1.0Marktüberblick
- 2 473
- Unternehmen der Klasse Versicherungsmakler und -agenten (NOGA 662200) im Jahr 2024, gegenüber 2 746 im Jahr 2019 (BFS STATENT). Das FINMA-Register der Versicherungsvermittler umfasste am 13. September 2026 11 987 Einträge, natürliche und juristische Personen zusammen, und führt seit dem 1. Januar 2024 nur noch ungebundene Vermittler. Die rund 2 200 registrierten Vermittler und 600-700 unabhängigen Broker der Ausgabe vom Februar 2026 entsprechen keiner der beiden Quellen und wurden zurückgezogen.
- 19 588
- Beschäftigte der NOGA-662200-Unternehmen im Jahr 2024, entsprechend 16 159 Vollzeitäquivalenten, gegenüber 19 058 Beschäftigten 2019 (BFS STATENT). Die Klasse folgt der europäischen Definition von Versicherungsagenten und -maklern und umfasst deshalb neben Brokern auch selbständige Agenturen.

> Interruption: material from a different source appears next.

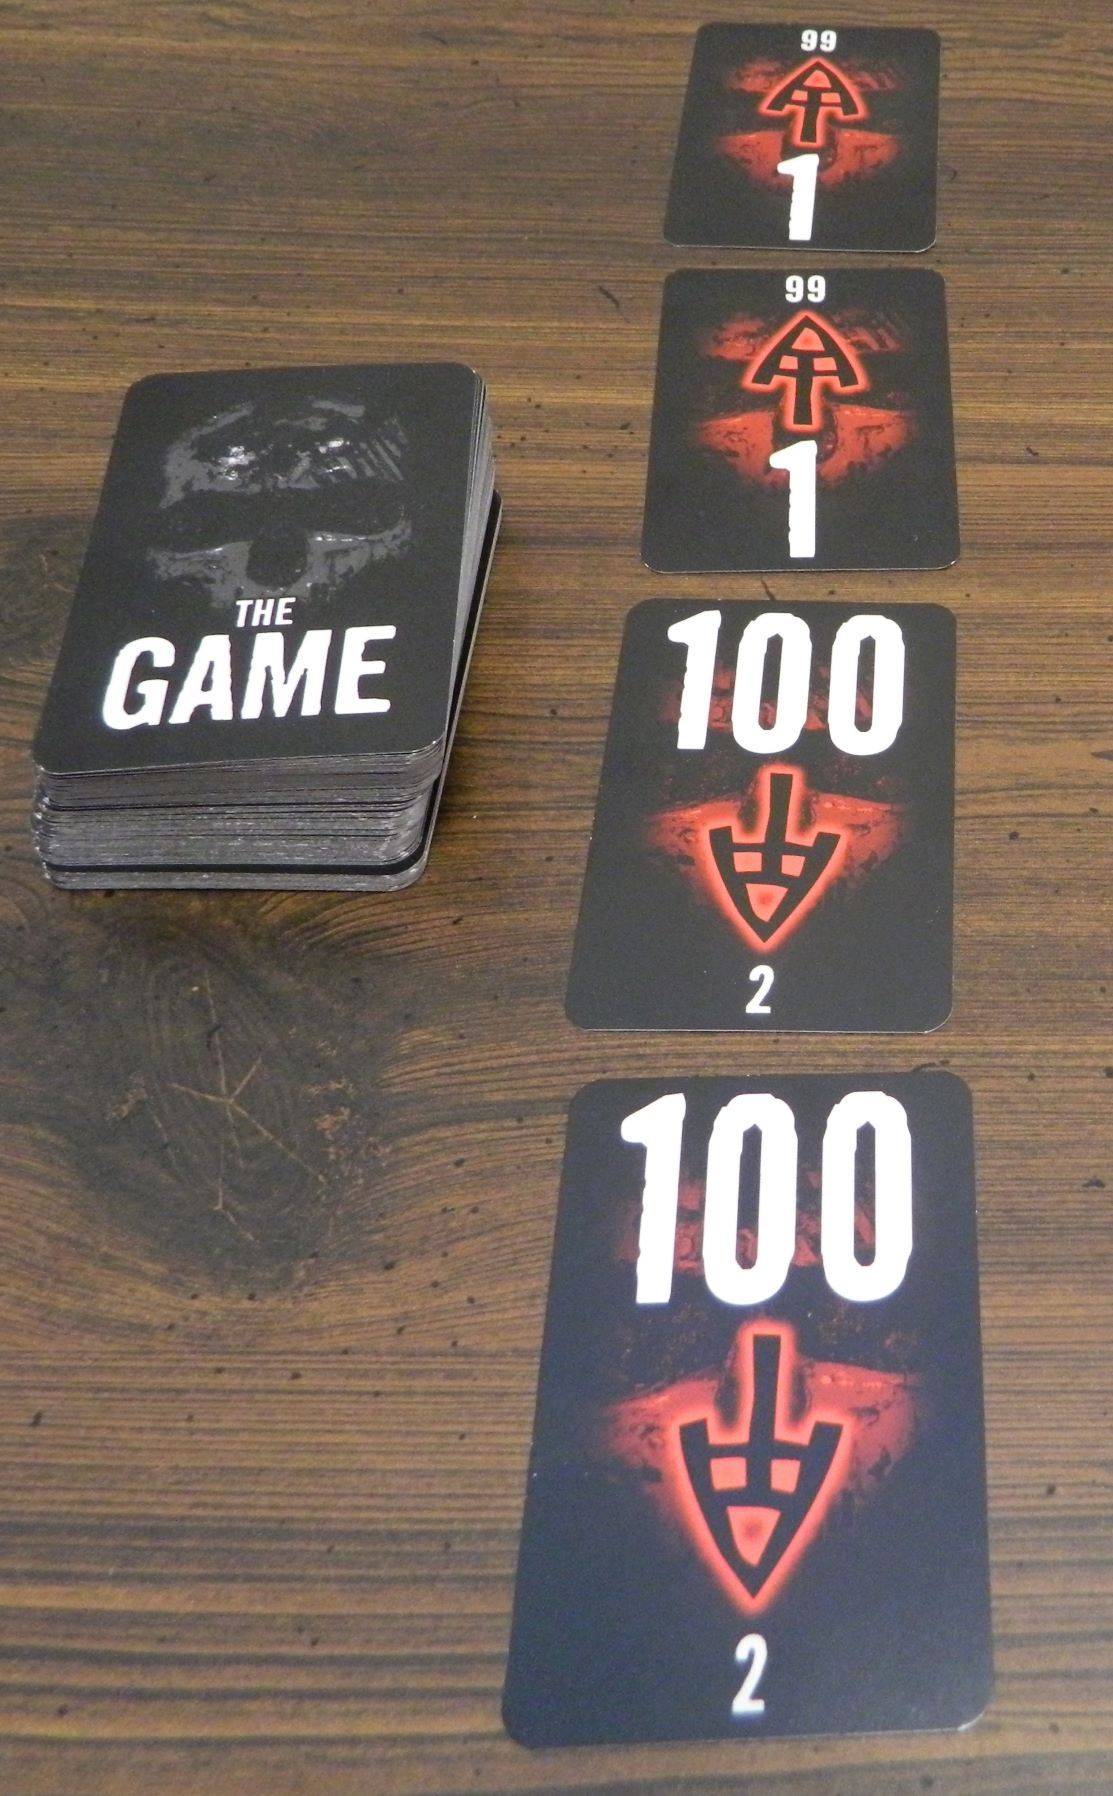 The Game (2015, Steffen Benndorf) Card Game Review and Rules | Geeky ...

Die 12 000-15 000 der Ausgabe vom Februar 2026 hatten keine Quelle.
- +3,1%
- Wachstum der Nichtleben-Prämien im Schweizer Geschäft 2025, gemäss FINMA-Daten, die der SVV im September 2026 veröffentlichte; die Kranken- und Unfallzusatzversicherung wuchs um 2,6%, die Einzelleben um 4,2%, die Kollektivleben sank um 1,7%. Das ist der Pool, in den Broker Geschäft platzieren: Die Schweizer Prämien der Privatversicherer beliefen sich 2025 gemäss SVV-Hochrechnung vom Februar auf rund CHF 56,6 Mrd. (CHF 22,6 Mrd. Leben, CHF 17,1 Mrd. Kranken und Unfall, CHF 16,9 Mrd. Nichtleben). Keine Quelle misst den Umsatz der Broker oder den über Broker platzierten Anteil; die Marktgrösse von rund CHF 60 Mrd. und der Brokeranteil von 25-30% der Ausgabe vom Februar 2026 wurden deshalb zurückgezogen, ebenso ihre Wachstumsrate von rund 3-4%. Die Brokerbranche selbst wächst an Firmen nicht: Die NOGA-662200-Unternehmen nahmen von 2019 bis 2024 um 10% ab, während die Beschäftigung um 2,8% stieg.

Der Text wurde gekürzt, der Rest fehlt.